Peters anomaly is a frequent feature of numerous syndromes, both ocular and systemic, among them the Peters-plus (261540) syndrome (sometimes called the Kivlin-Krause (261540) syndrome) and has been reported in a case with aniridia (106210).
Isolated Peters anomaly usually occurs in an autosomal recessive pattern but autosomal dominant patterns have been reported as well. The recessive disorder may be caused by a mutation in several genes, notably PAX6, PITX2, CYP1B1, FOXC1, and FOXE3. The latter gene is also mutated in anterior segment mesenchymal dysgenesis (107250) and congenital primary aphakia (610256). The variety of clinical features are likely the result of a disruption in some common pathway or pathways. Mutations in B3GALTL associated with the Peters-Plus syndrome have not been identified in isolated Peters anomaly.

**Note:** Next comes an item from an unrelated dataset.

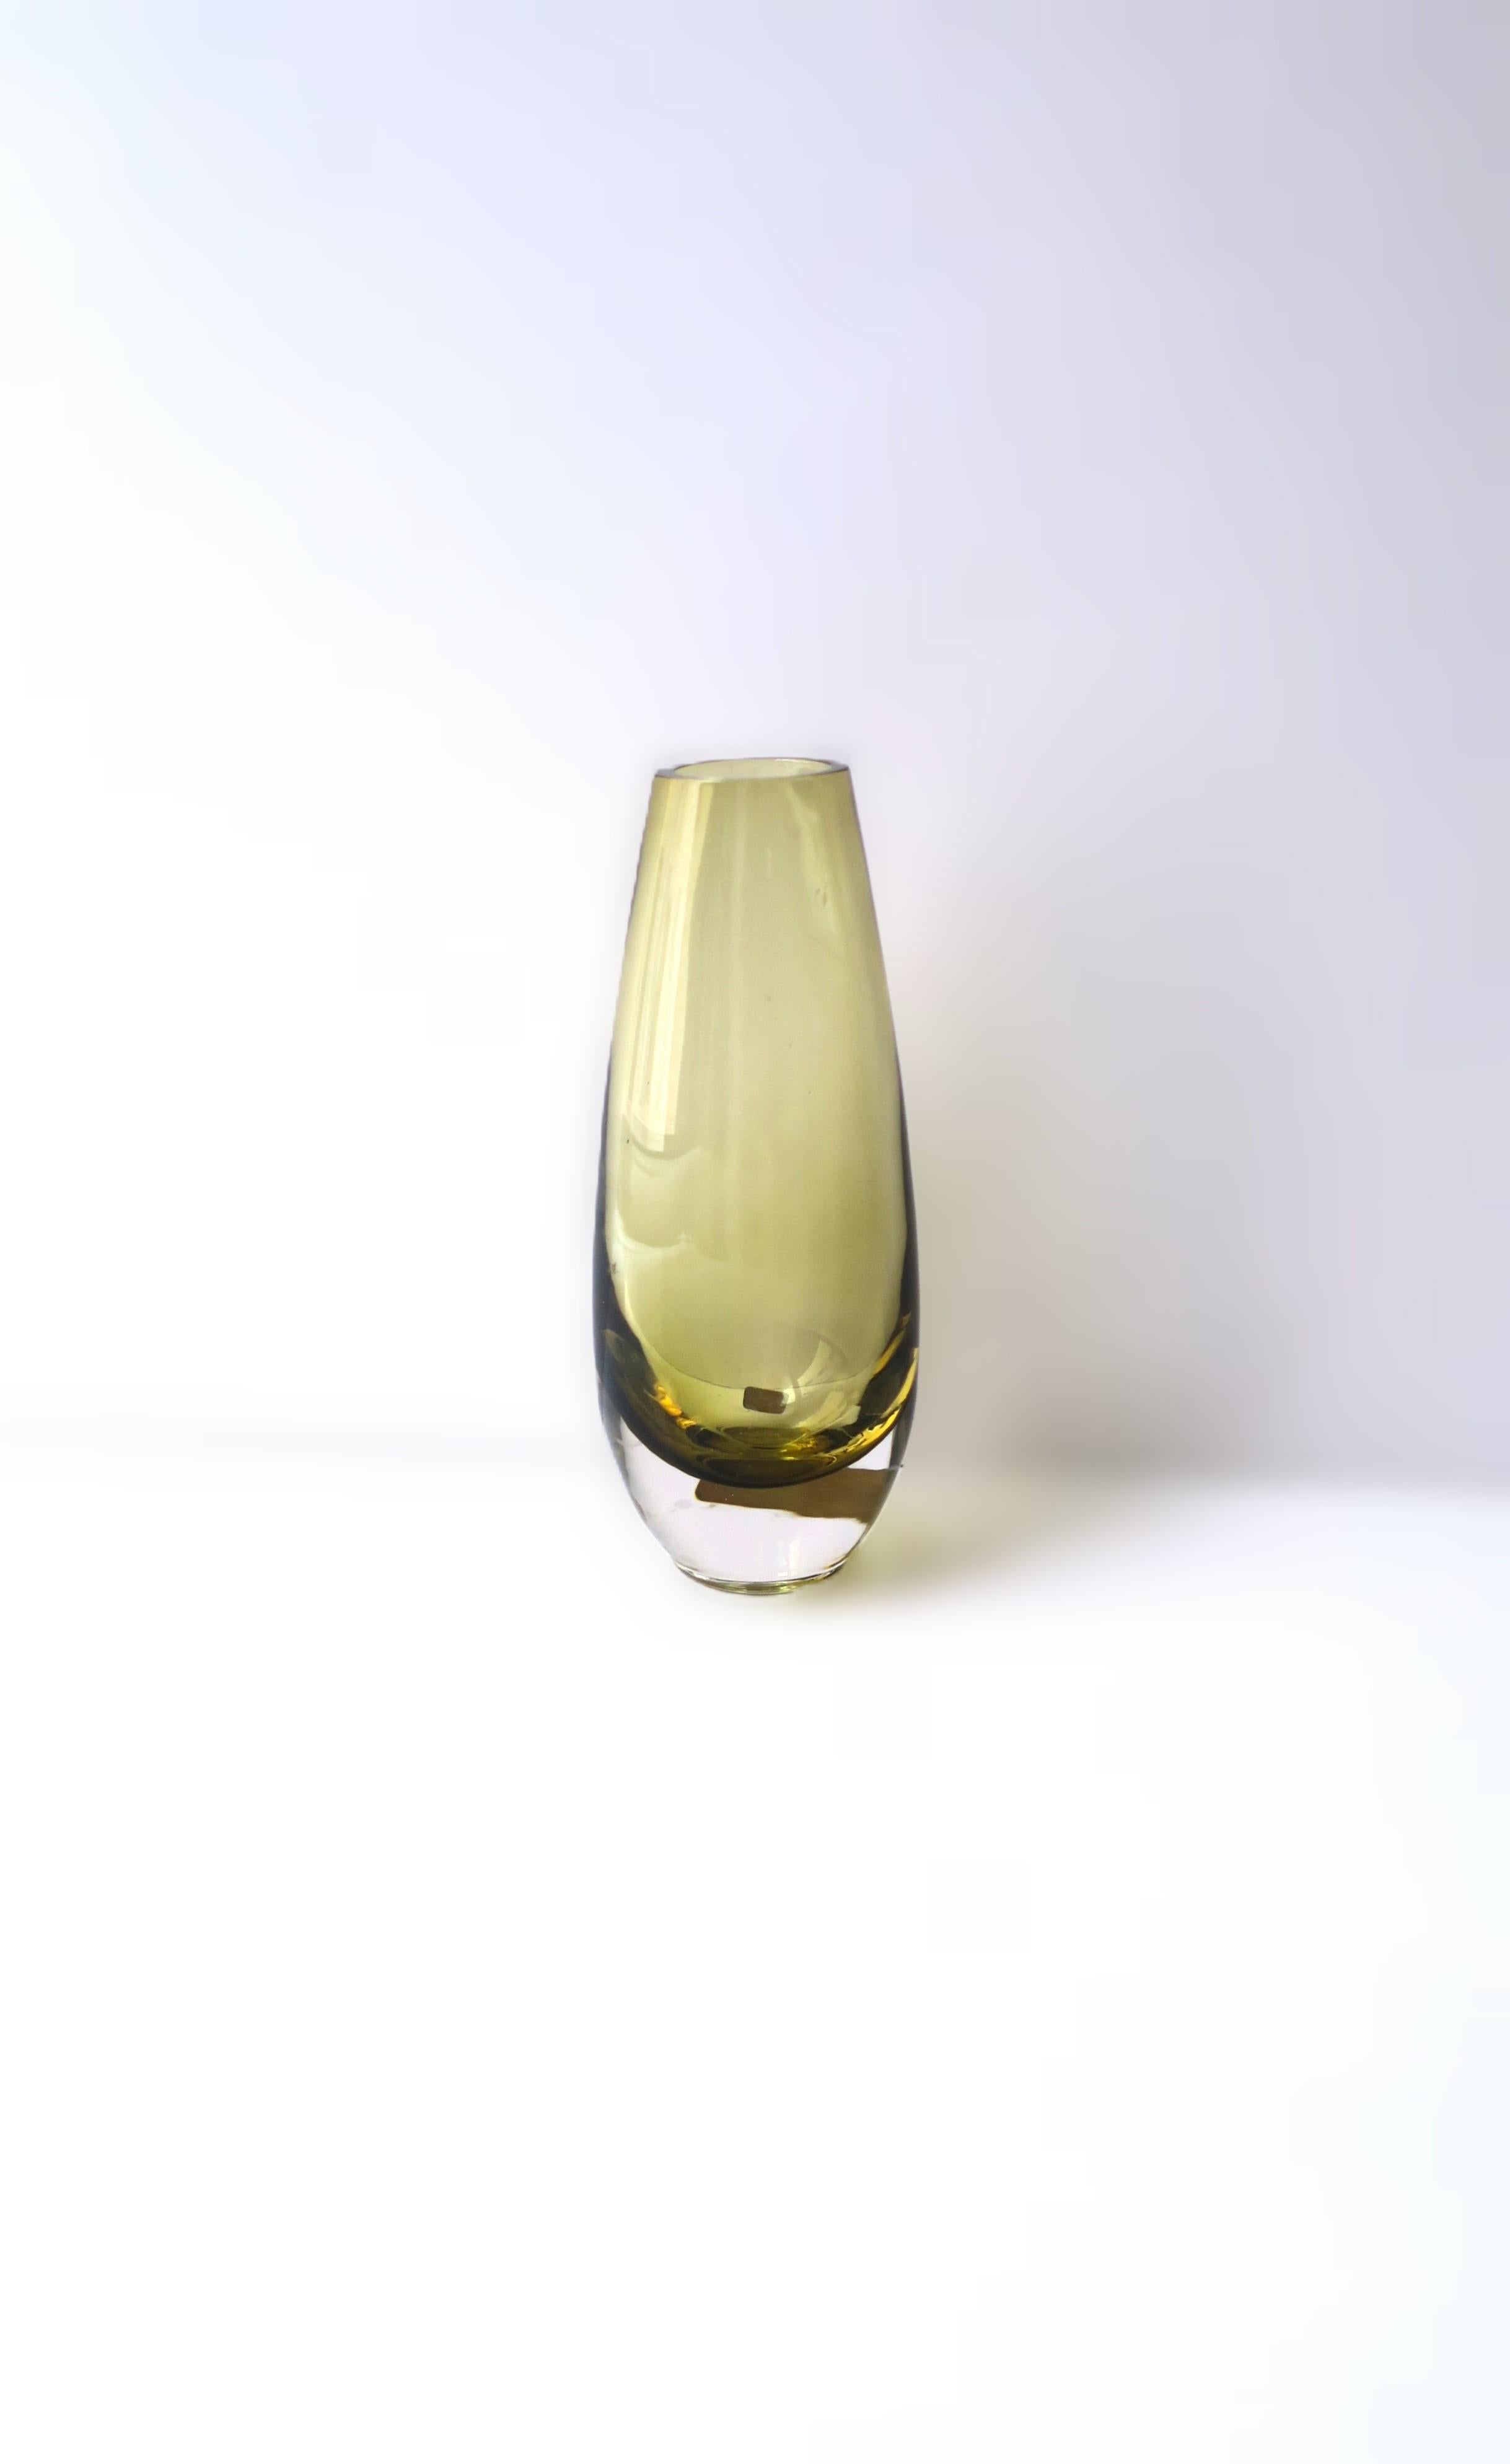 A Swedish light-yellow glass vase, Midcentury Modern Scandinavian Modern, Sweden, circa mid-20th century. Very good condition as shown in images and video. Markers' mark as shown in image. A great piece for a desk, table, shelf, etc. Measures: 7.25

Glaucoma is the most serious threat to vision on Peters anomaly but also the most difficult to treat. Less than a third of patients achieve control of intraocular pressure even with the most vigorous combinations of therapy. Corneal opacities can be treated with transplantation but the prognosis is often guarded when glaucoma is present.
From eye bank and other data, it has been estimated that 65% of penetrating keratoplasties in infants for visually significant congenital corneal opacities are performed in patients with Peters anomaly.